- Theatrical release poster
- Directed by: Pete Riski
- Written by: Pekka Lehtosaari
- Story by: Mr Lordi; Pete Riski;
- Produced by: Markus Selin
- Starring: Lordi; Skye Bennett; Noah Huntley; Dominique McElligott; Ronald Pickup; William Hope;
- Cinematography: Jean-Noel Mustonen
- Edited by: Antti Kulmala; Joona Louhivuori; Stefan Sundlof;
- Music by: Ville Riippa
- Production companies: The Icelandic FilmCompany; Kisi Production;
- Distributed by: Solar Films; Nordisk Film;
- Release date: 8 February 2008;
- Running time: 85 minutes
- Country: Finland
- Language: English
- Budget: €4.2 million
- Box office: $645,855

= Dark Floors =

Dark Floors – The Lordi Motion Picture is a 2008 English-language Finnish horror film that features members of the rock band Lordi playing the monsters. Band frontman Mr Lordi also designed the film's logo. The film was released in February 2008 and stars William Hope, Leon Herbert, Philip Bretherton, Ronald Pickup, and Skye Bennett. A new Lordi song, Beast Loose in Paradise, is featured in the end credits of the film.

== Plot ==

A young, autistic girl at a hospital holds the key to defeating other-dimensional monsters that seek to kill everyone.

== Production ==

=== Budget ===
The full budget of Dark Floors reached $4.3 million (U.S.), making it one of the most expensive films made in Finland. Most of the budget was spent on special effects design, set construction, and a large marketing campaign, along with the post-production process.

=== Scenery and special effects ===
The sets were the largest constructed in Finland, taking up 1,700 square metres during the basement carpark scene. It was originally planned to shoot the film on location in the Baltics, but Oulu was chosen instead, with special effects used to replicate a city when necessary. The production team visited hospitals to research the workings of an X-ray, thereby adding both credibility and authenticity to the CGI-rendered X-rays shown. When principal photography was completed, the extended post-production phase was launched, including the insertion of Awa's ghostly appearance.

== Release ==

=== Marketing ===
The film was originally intended to premiere in 2007, at the Eurovision song contest in Helsinki, whose opening number, featuring Lordi, with a performance of "Hard Rock Hallelujah". Unfortunately, the team could not finish their tasks in time; moreover, Lordi were already putting final touches on their Bringing Back the Balls to Europe tour. Post-production was therefore expanded into May of the same year, and was eventually rescheduled to December.

The press conference was held at the Cannes Film Festival the weekend of 19 and 20 May 2007. Lordi appeared personally, as did director Pete Riski, producer Markus Selin, and virtually all the leading actors. All involved responded to questions, and shared unusual anecdotes on making the film.
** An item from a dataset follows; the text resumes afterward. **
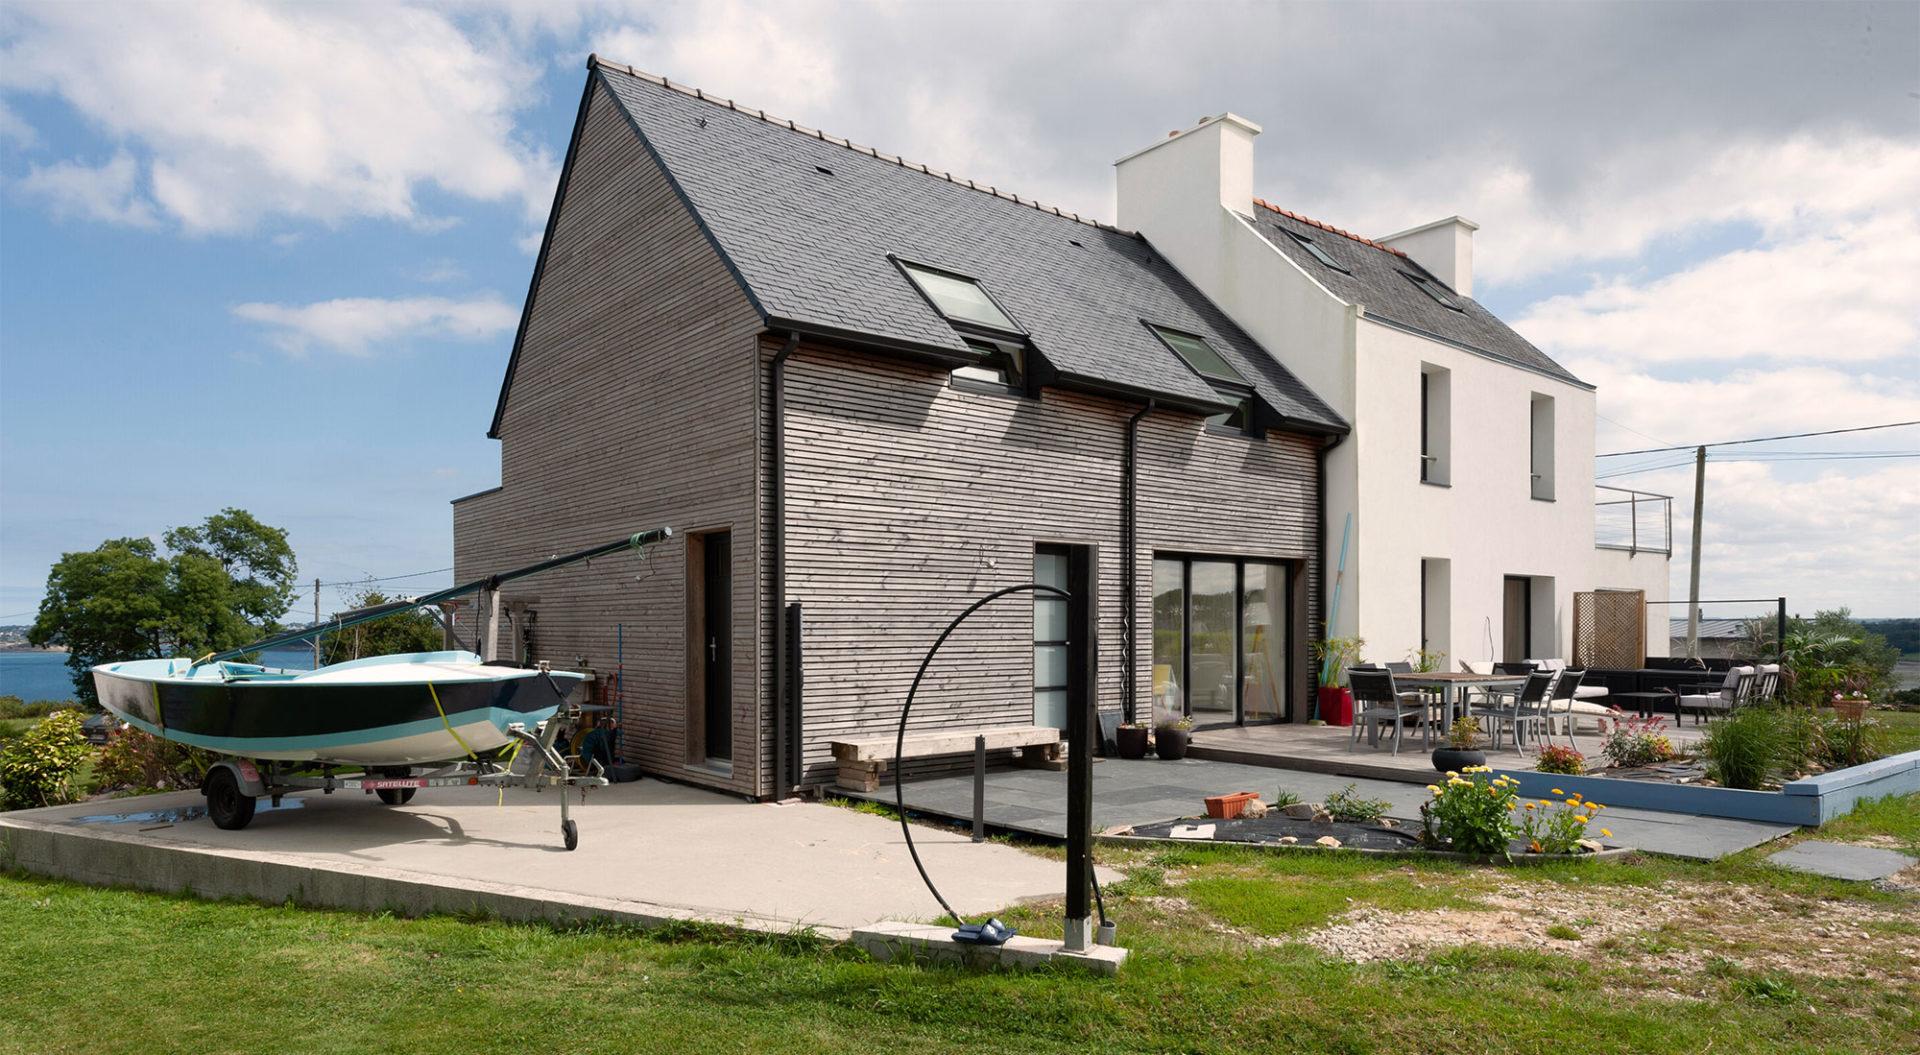 Extension maison à étage avec toiture double pente et bardage bois horizontal

Dark Floors was slowly 'leaked' by way of a marketing campaign, and the press were permitted to witness the production of Kita's lift scene, although everything else was kept under wraps.

=== Home media ===
The film was released in the United Kingdom on DVD (region 2) by Metrodome Distribution on 20 April 2009. The release includes several extra features, listed as "Behind the Scenes of Dark Floors", "Cast & Crew Interviews", and "Dark Floors World Premiere featurette including Q&A with Lordi, the cast and crew and a live Lordi performance". The film is rated 18+ by the BBFC for "strong bloody violence and horror".

== Reception ==
Derek Elley of Variety called it "a cultural oddity with an OK concept" that will perform well on video. Bloody Disgusting rated it 3/5 stars, and wrote, "Even though it's plastered in heavy clichés and predictable plot-twists, has no sense of mood or tempo, and features some of the least scary monsters ever to grace the silver screen, it's still remarkably entertaining." Joshua Siebalt of Dread Central rated it 2.5/5 stars and called it a boring, uninspired film that is "not nearly as fun or cool as it should've been". Todd Brown of Twitch Film called it "a tightly plotted, exceptionally well shot thrill ride". Ian Jane of DVD Talk rated it 1.5/5 stars and wrote that the film does not exploit its visuals or interesting premise. David Johnson of DVD Verdict wrote, "Straight out of Finland—ghosts, demons, autism, and heavy metal combine for one of the more interesting and out-there haunted hospital movies to come around in quite some time."